Exercise description:
Give again, word for word, the lines below that run from the line with "A side-view of" through the line with "Evolution of HIV-1". Drop the pictures.

Source information:
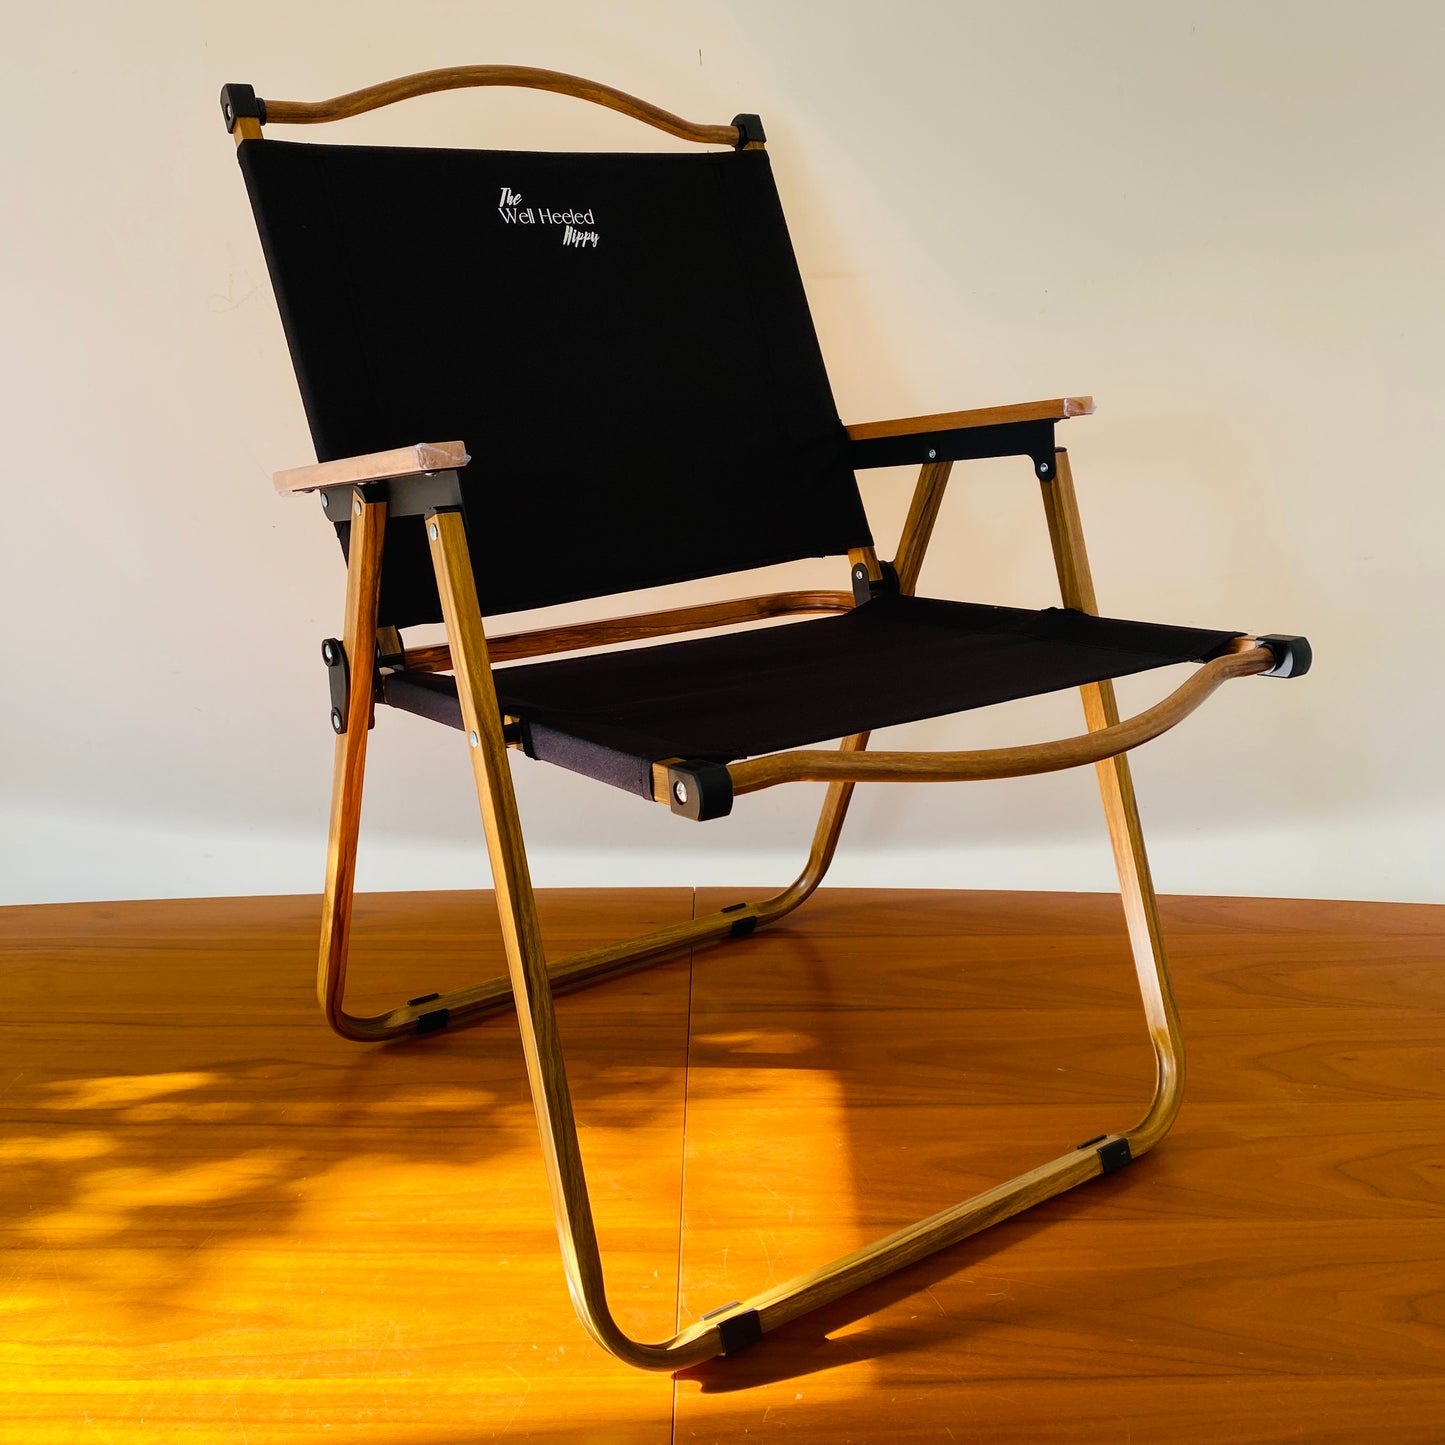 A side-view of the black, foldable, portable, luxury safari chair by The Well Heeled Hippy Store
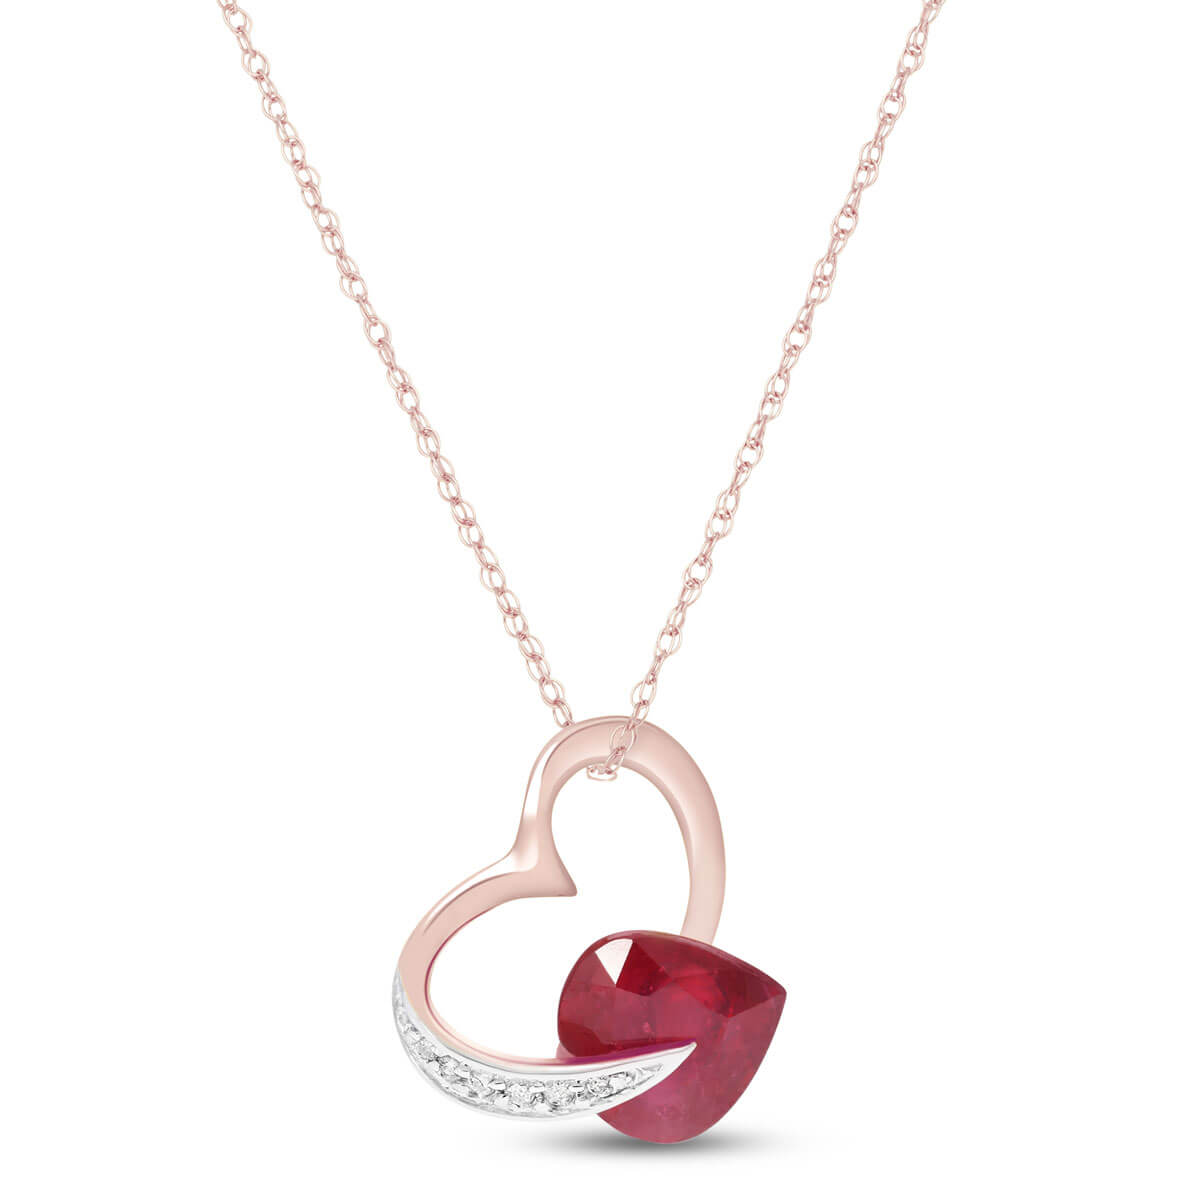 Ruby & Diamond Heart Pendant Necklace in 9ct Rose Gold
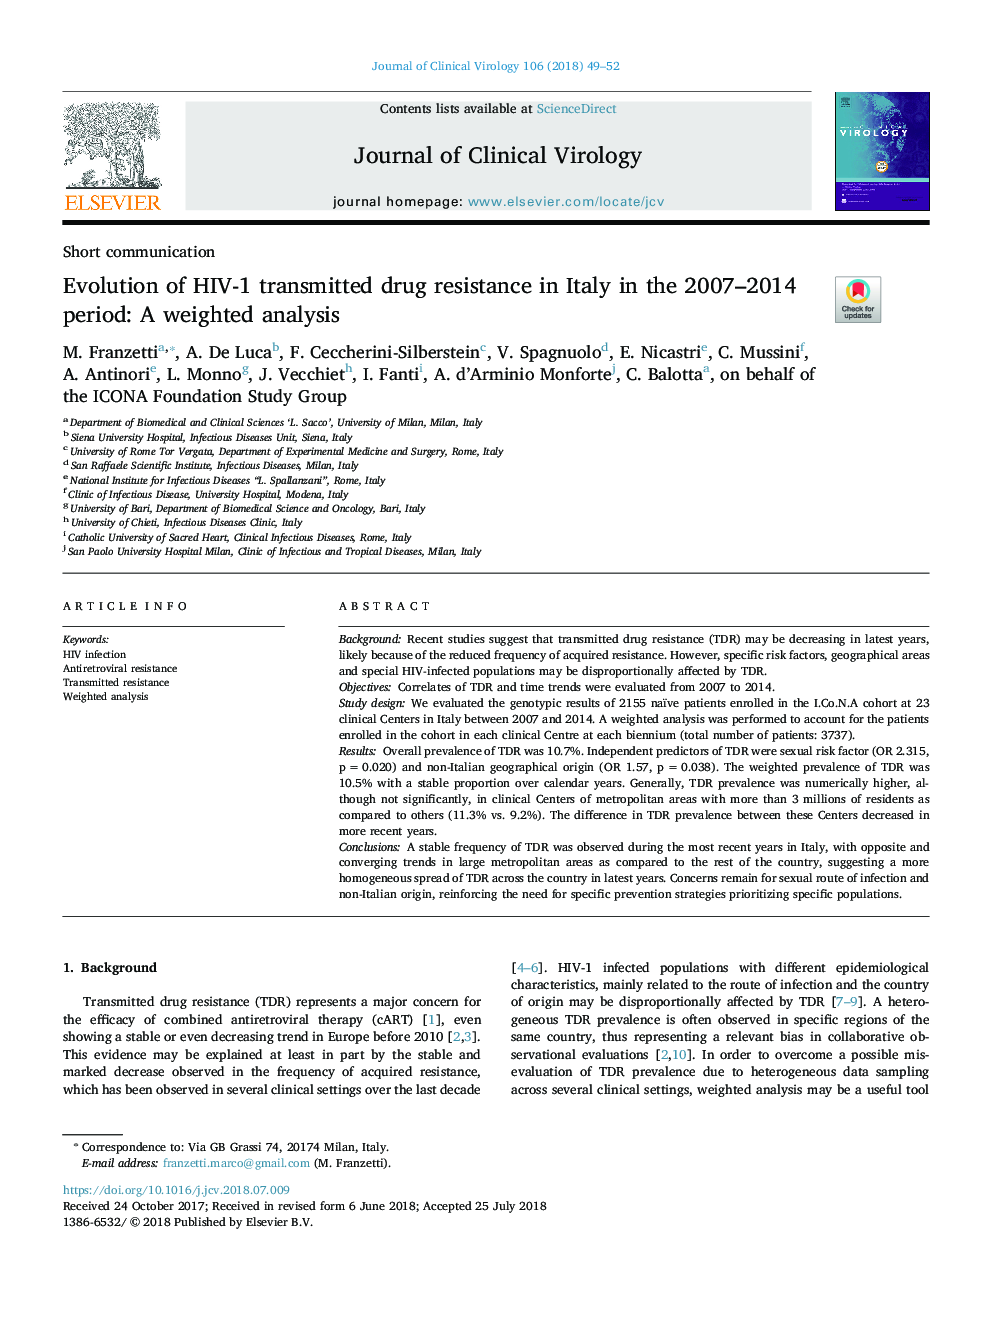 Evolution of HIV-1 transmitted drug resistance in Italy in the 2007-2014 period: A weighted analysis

* * *

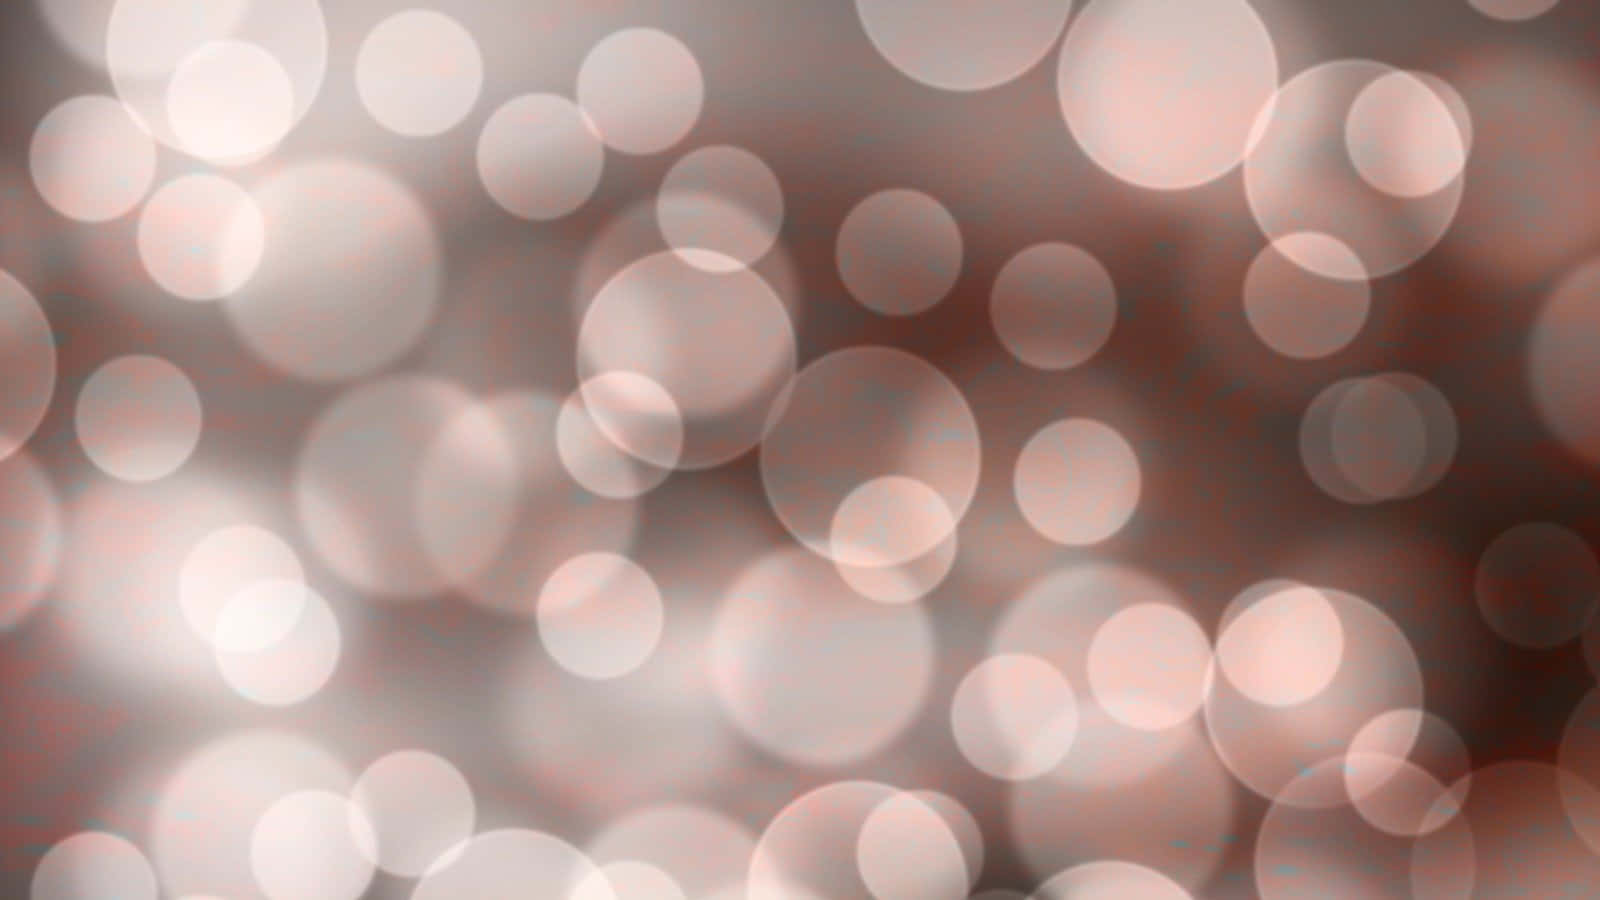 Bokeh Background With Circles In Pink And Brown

Completed task:
 A side-view of the black, foldable, portable, luxury safari chair by The Well Heeled Hippy Store
 Ruby & Diamond Heart Pendant Necklace in 9ct Rose Gold
 Evolution of HIV-1 transmitted drug resistance in Italy in the 2007-2014 period: A weighted analysis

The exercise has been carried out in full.